Contributions of the Hippocampus and Prefrontal Cortex to the Spacing Effect

Evidence From Lesioned Patients

  • Li, Cuihong
  • Liu, Qi
  • Sun, Ke
  • Yu, Tao
  • Fan, Xiaotong
  • Wang, Jiangfei
  • Ren, Liankun
  • Yang, Jiongjiong
Neuropsychology 39(5):p 432-449, July 2025. | DOI: 10.1037/neu0001009

Objective: Although the hippocampus is critical for memory processes, recent studies have suggested that amnesic patients with hippocampal lesions can still acquire some types of memory by distributed learning rather than by massed learning. However, as these studies recruited patients with developmental amnesia, whether lesion onset influenced the spacing effect was unclear. In addition, the extent to which the prefrontal cortex (PFC) supports the spacing effect has not been explored. Method: Patients with hippocampal lesions at early onset and late onset and PFC lesions were enrolled.

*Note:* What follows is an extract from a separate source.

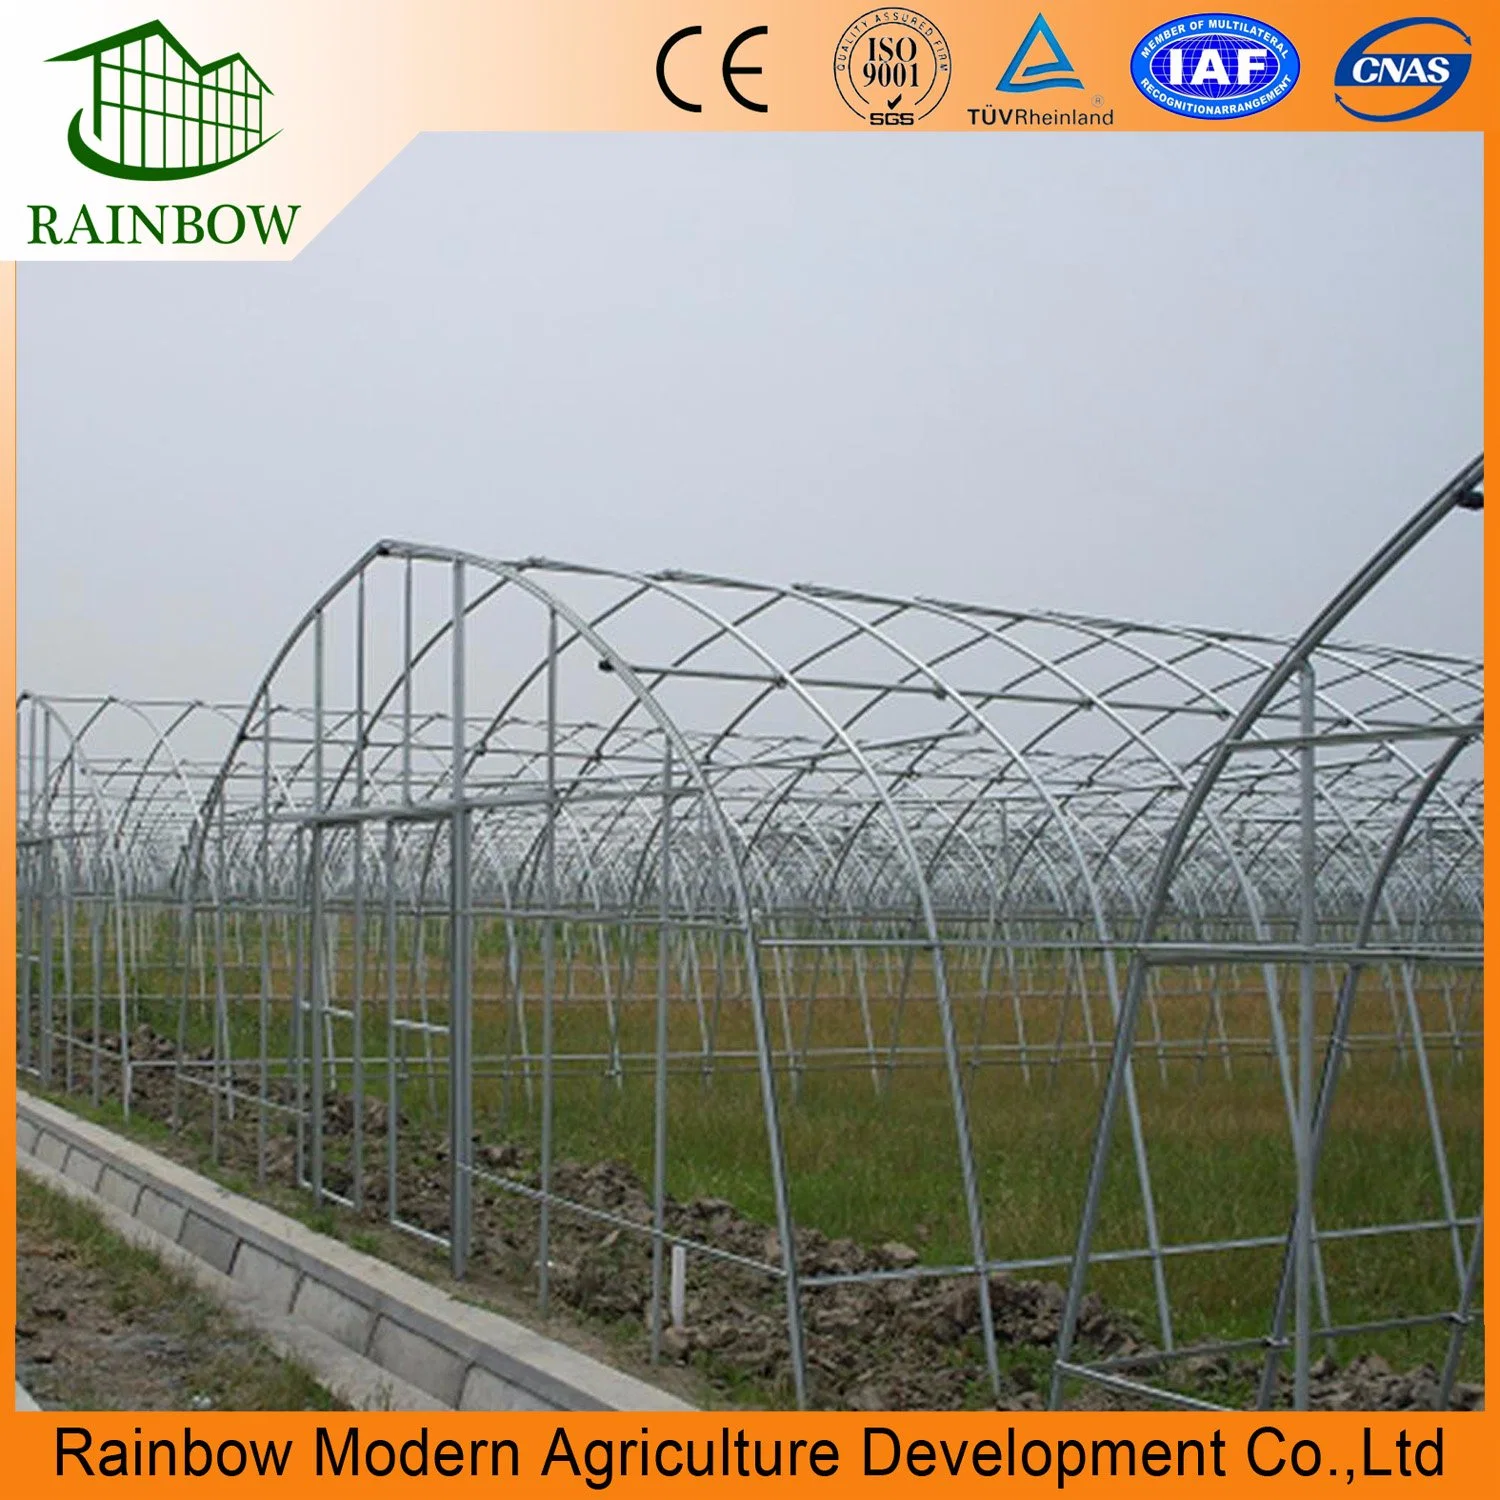 Commercial Single Span Plastic Film Tunnel Greenhouse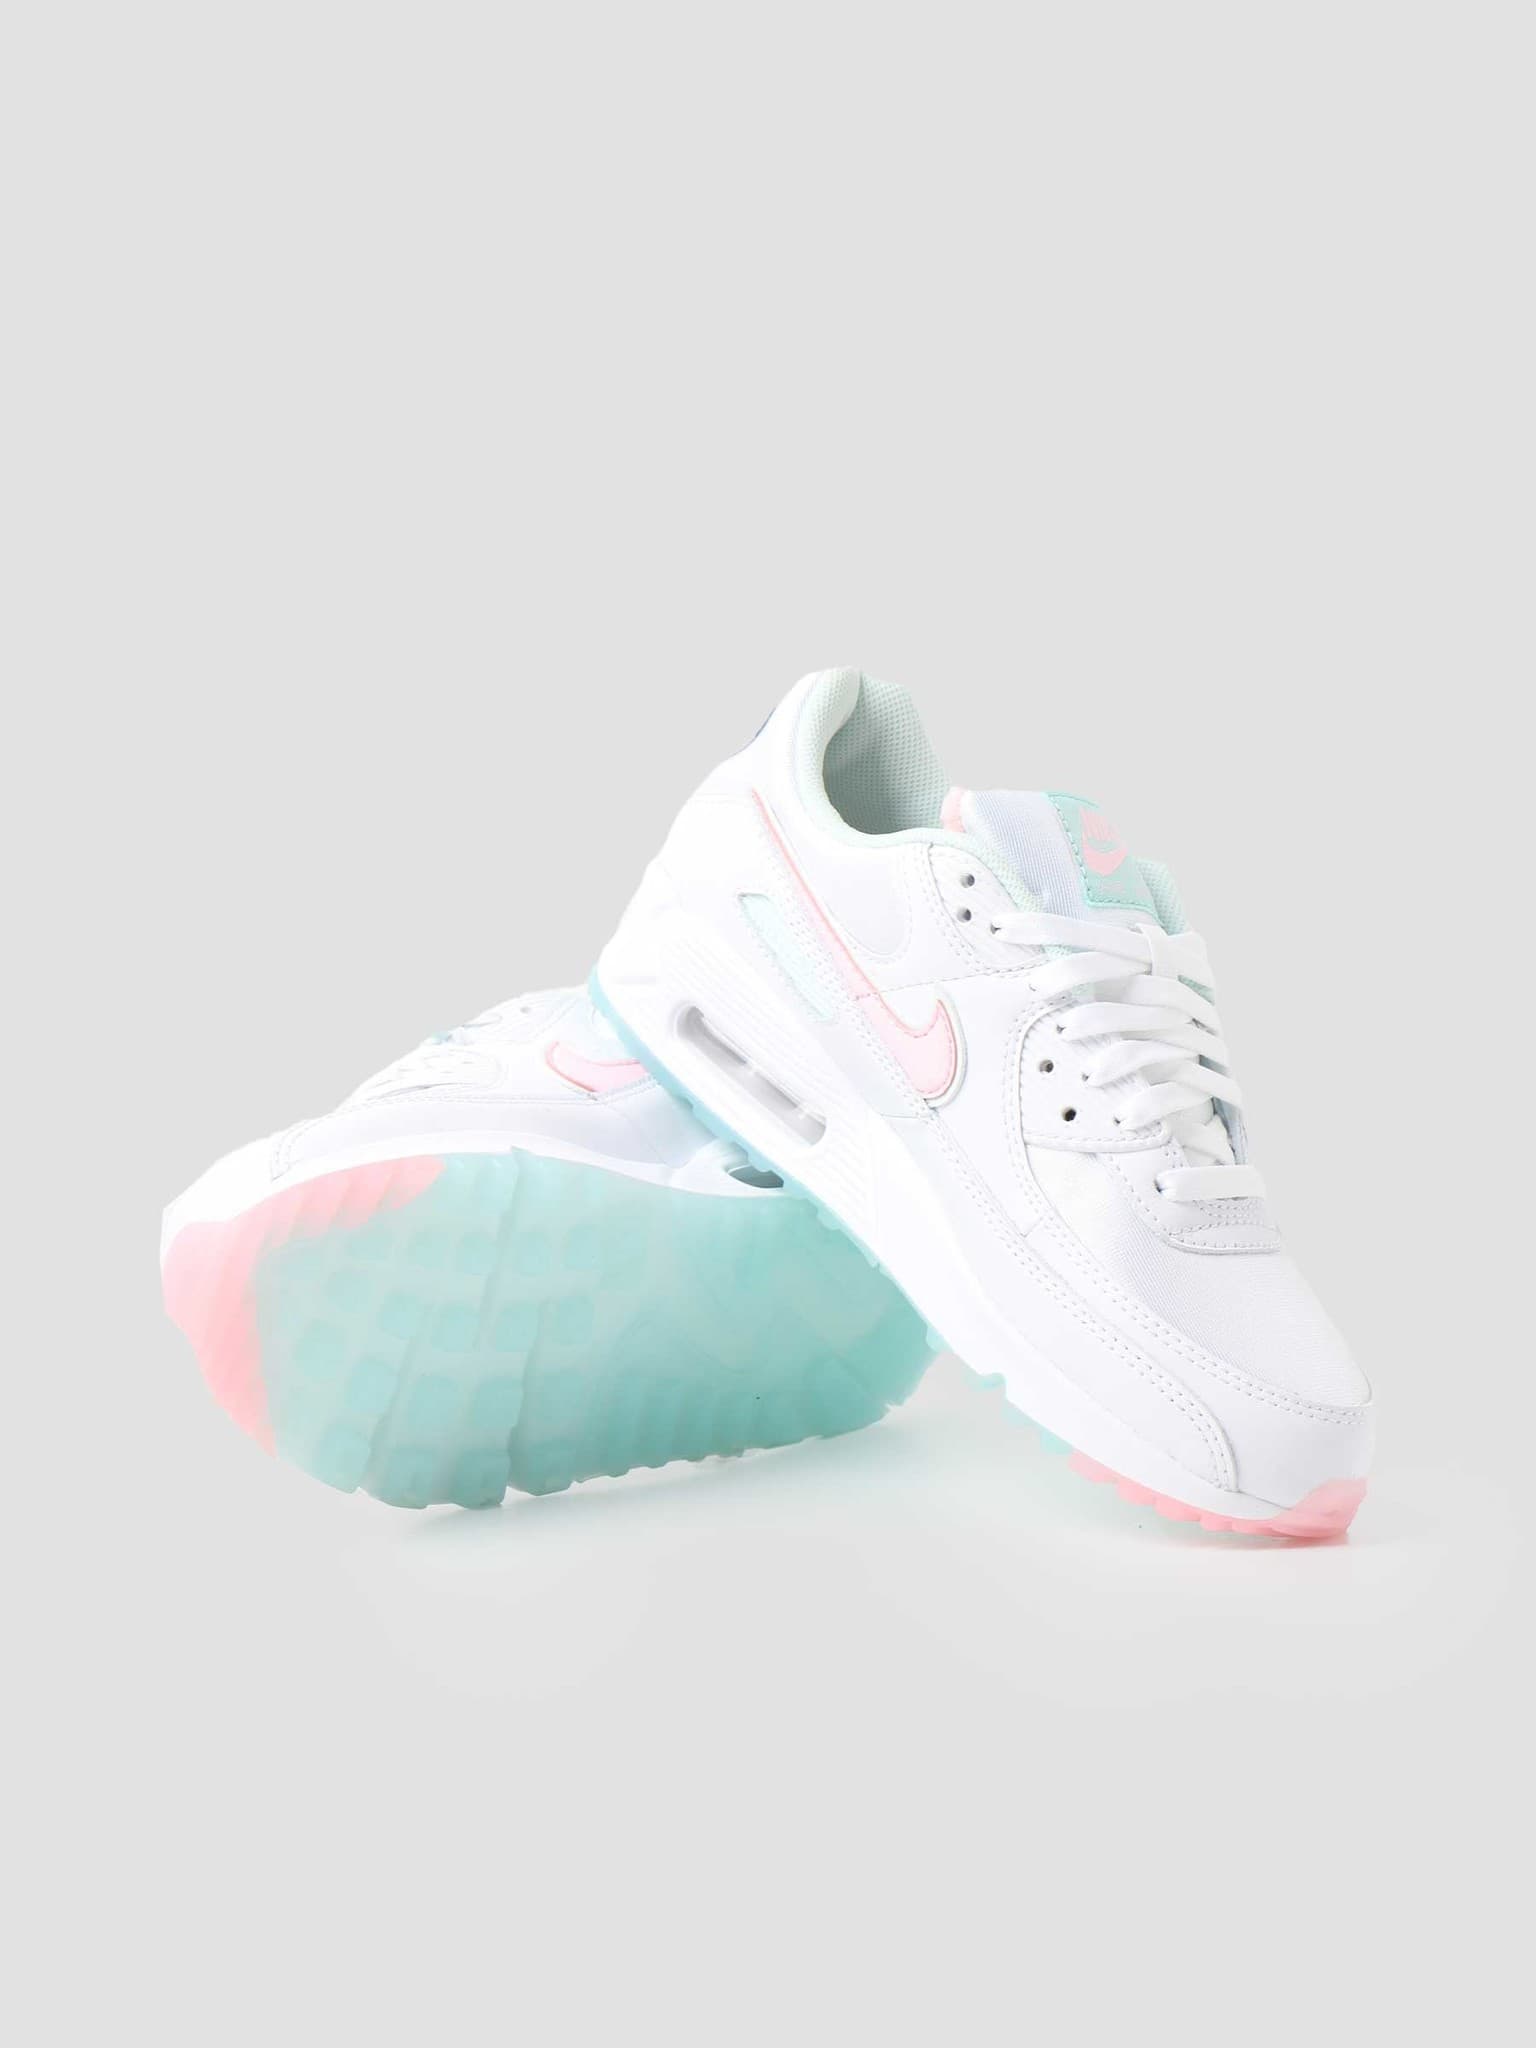 W Air Max 90 White Arctic Punch Barely Green DJ1493-100

The participants learned face–scene pairs under single learning (i.e., once in 1 day), massed learning (i.e., four times in 1 day), and distributed learning (i.e., four times in 2 days, twice per day). Then, they performed associative recognition tasks 20 min and 1 day later. Results: The results showed that the spacing effect was significantly higher than baseline (d = 2.91) and comparable with the control groups for hippocampal lesions at early onset patients at 1 day. However, the spacing effect was significantly impaired for hippocampal lesions at late onset (d = −1.84) and PFC patients (d = −1.48) when compared with the normal groups. The repetition effect (massed vs. single learning) was significantly impaired for PFC patients at 20 min when compared with the controls (d = −1.15). Conclusions: These findings clarified the roles of the hippocampus and PFC in distributed learning and repetitive learning and suggest that early-onset hippocampal damage induces a significant reorganization in the human brain to support memory formation and retention.